Nem sempre a perícia médica sendo desfavorável você ficará sem a concessão do benefício. Vejamos o exemplo vindo com a decisão da 9ª Turma do Tribunal Regional Federal da 4ª Região (TRF4), a qual decidiu restabelecer o auxílio-doença de uma costureira diagnosticada com síndrome do túnel do carpo e outras patologias relacionadas à sua atividade profissional.
Apesar do laudo pericial ter concluído que não havia incapacidade para o trabalho, o relator, Desembargador Federal Paulo Afonso Brum Vaz, destacou que o juiz não está vinculado estritamente às conclusões do perito, podendo levar em consideração outros elementos dos autos, inclusive as condições pessoais da segurada.
A autora apresentou documentação médica robusta demonstrando múltiplas patologias relacionadas ao trabalho repetitivo de costureira, como cervicalgia, bursite do ombro, síndrome do túnel do carpo e episódio depressivo leve. O relator ressaltou o entendimento previsto no Enunciado 21 da I Jornada de Direito da Seguridade Social, segundo o qual várias patologias, mesmo que isoladamente não incapacitantes, podem, em conjunto, gerar incapacidade laboral.
Além do mais, a decisão destacou a natureza ergonômica e repetitiva do trabalho das costureiras.
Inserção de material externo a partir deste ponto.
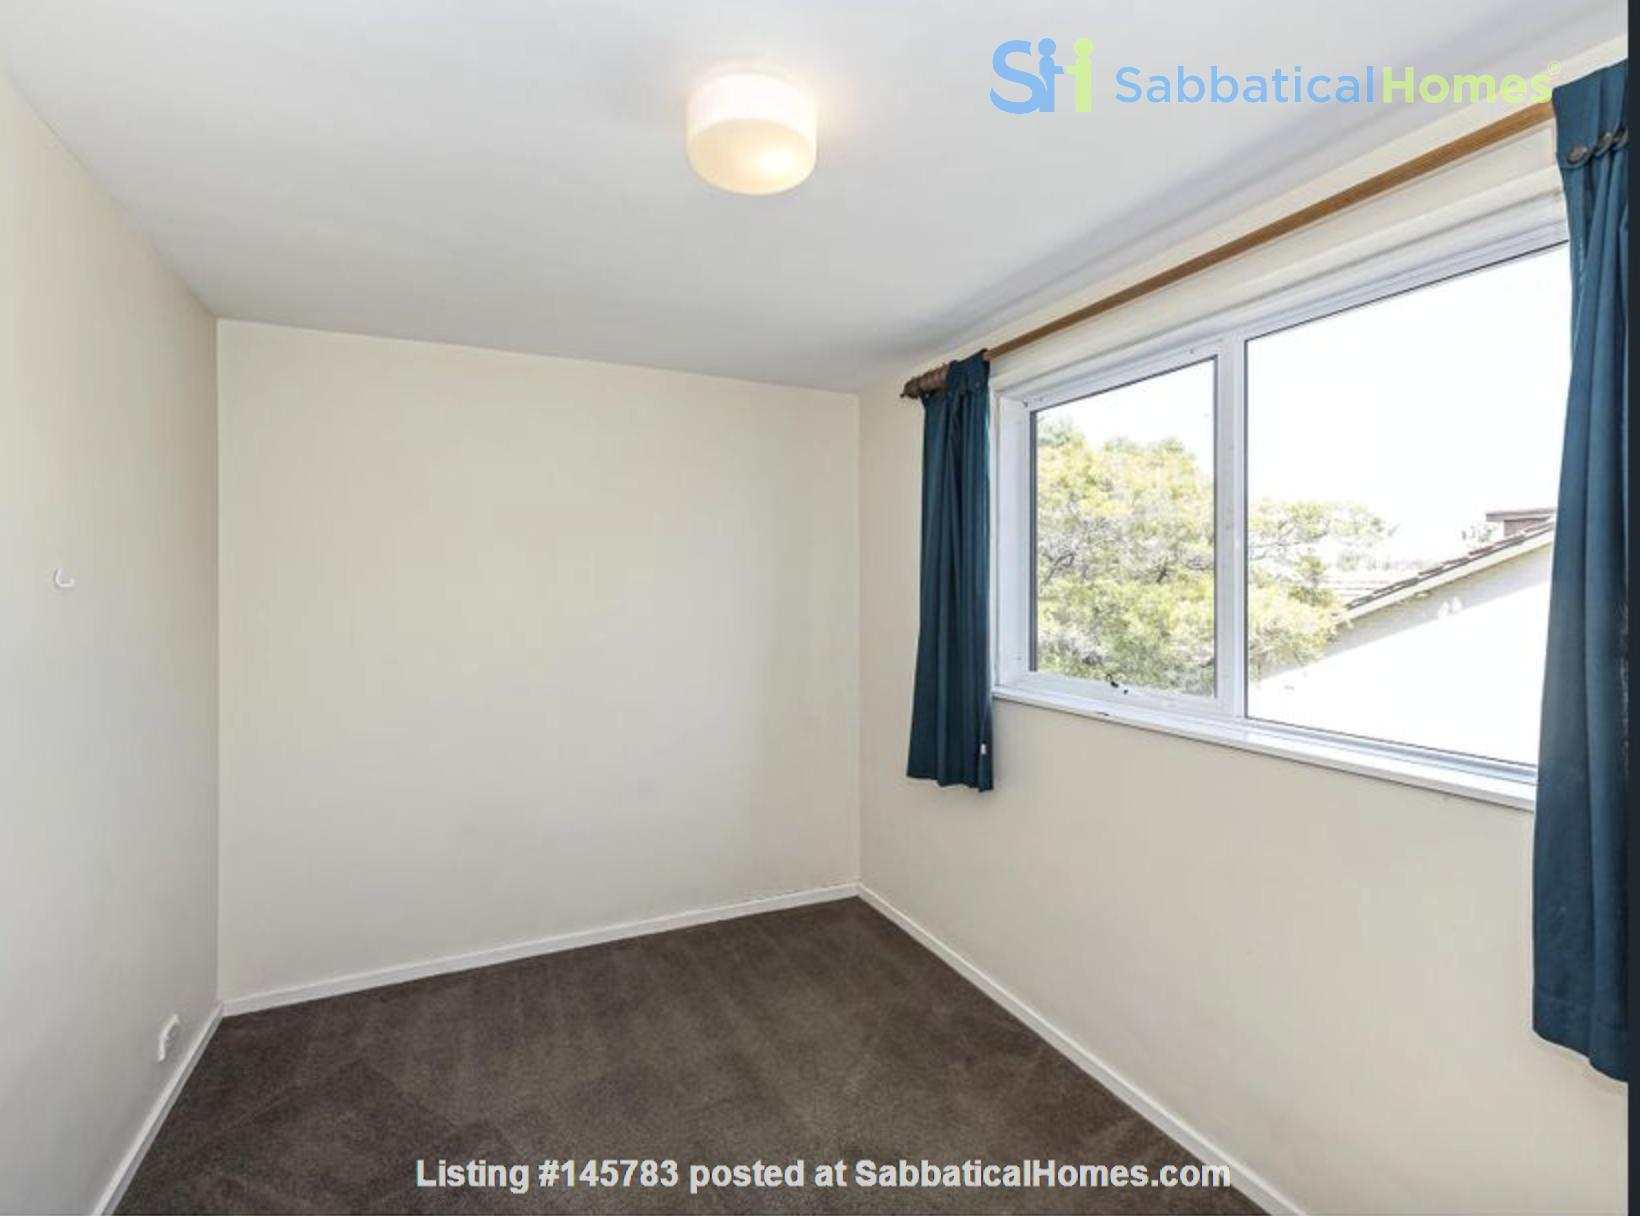 2 bedroom apartment in inner city Melbourne Home Rental in St Kilda East 5
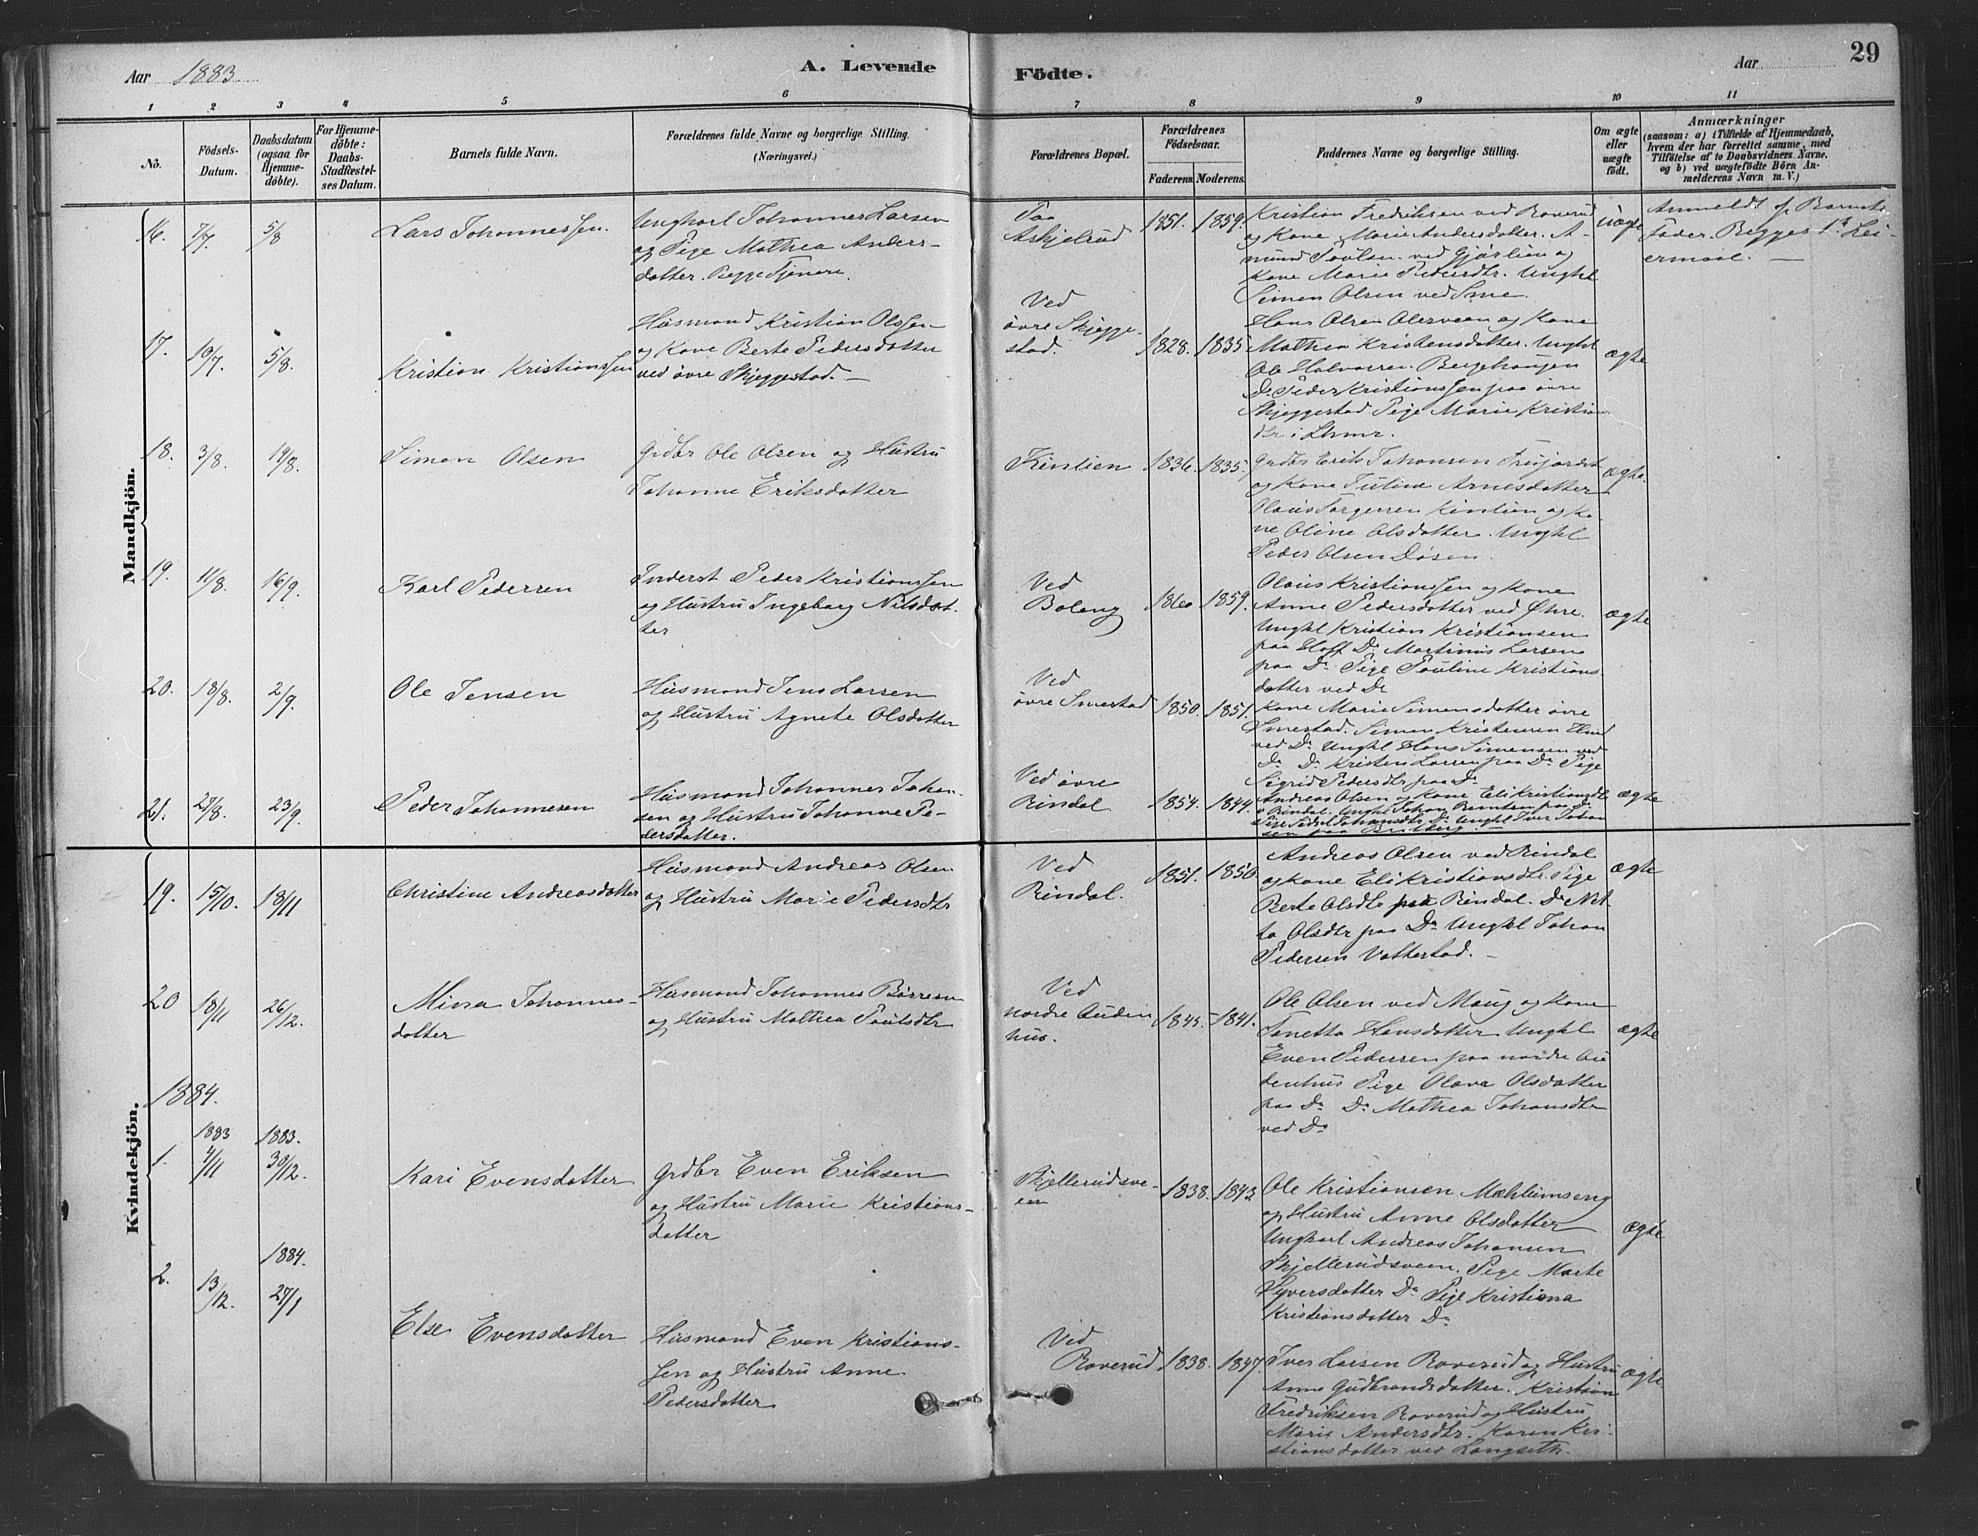 SAH, Fåberg prestekontor, Ministerialbok nr. 9, 1879-1898, s. 29

Saiba mais: Auditor de caixa eletrônico – Ferido em assalto

Reprodução / DepositPhotos

Um auditor de caixa eletrônico que foi ferido em um assalto durante um atendimento deve receber indenização por danos morais, estéticos e materiais. O valor total da condenação é de R$ 120 mil. A decisão é da 8ª Turma do Tribunal Regional do Trabalho da 4ª Região que manteve a sentença da juíza de primeiro grau Patrícia Iannini dos Santos. O ataque ocorreu quando o trabalhador retornava ao carro da empresa após consertar um terminal eletrônico. O auditor foi golpeado com faca nos braços e mãos.

Comentário: Companheira e ex-cônjuge do falecido e pensão por morte

Reprodução / internet

Uma mulher, após se divorciar voltou a conviver em união estável com o ex-cônjuge e, a 10ª Turma do Tribunal Regional Federal da 3ª Região (TRF3) condenou o Instituto Nacional do Seguro Social (INSS) a lhe conceder a pensão por morte.
A decisão do TRF3 levou em consideração o Protocolo para Julgamento com Perspectiva de Gênero, instituído pelo Conselho Nacional de Justiça, e reformou sentença, que havia negado o pedido da vi&ua cute;va.
Pelo Protocolo, o julgador deve se abster de perguntas calcadas em estereótipos de gênero ou em temas íntimos irrelevantes, devendo dirigir a instrução probatória aos elementos objetivos para caracterização da união estável — convivência pública, contínua e duradoura, e dependência econômica.
Com base no voto da relatora, desembargadora federal Gabriela Araújo, a 10ª Turma entendeu que houve falha na condução do depoimento da viúva em razão de indagações de natureza íntima consideradas irrelevantes para decidir sobre o direito à pensão por morte.
Na ocasião, foram perguntados, inoportunamente, os motivos da separação e da reconciliação, se o segurado a agredia, se costumava se embriagar, se o casal dormia no mesmo quarto, se havia relacionamento sexual e se ele mantinha relações extraconjugais.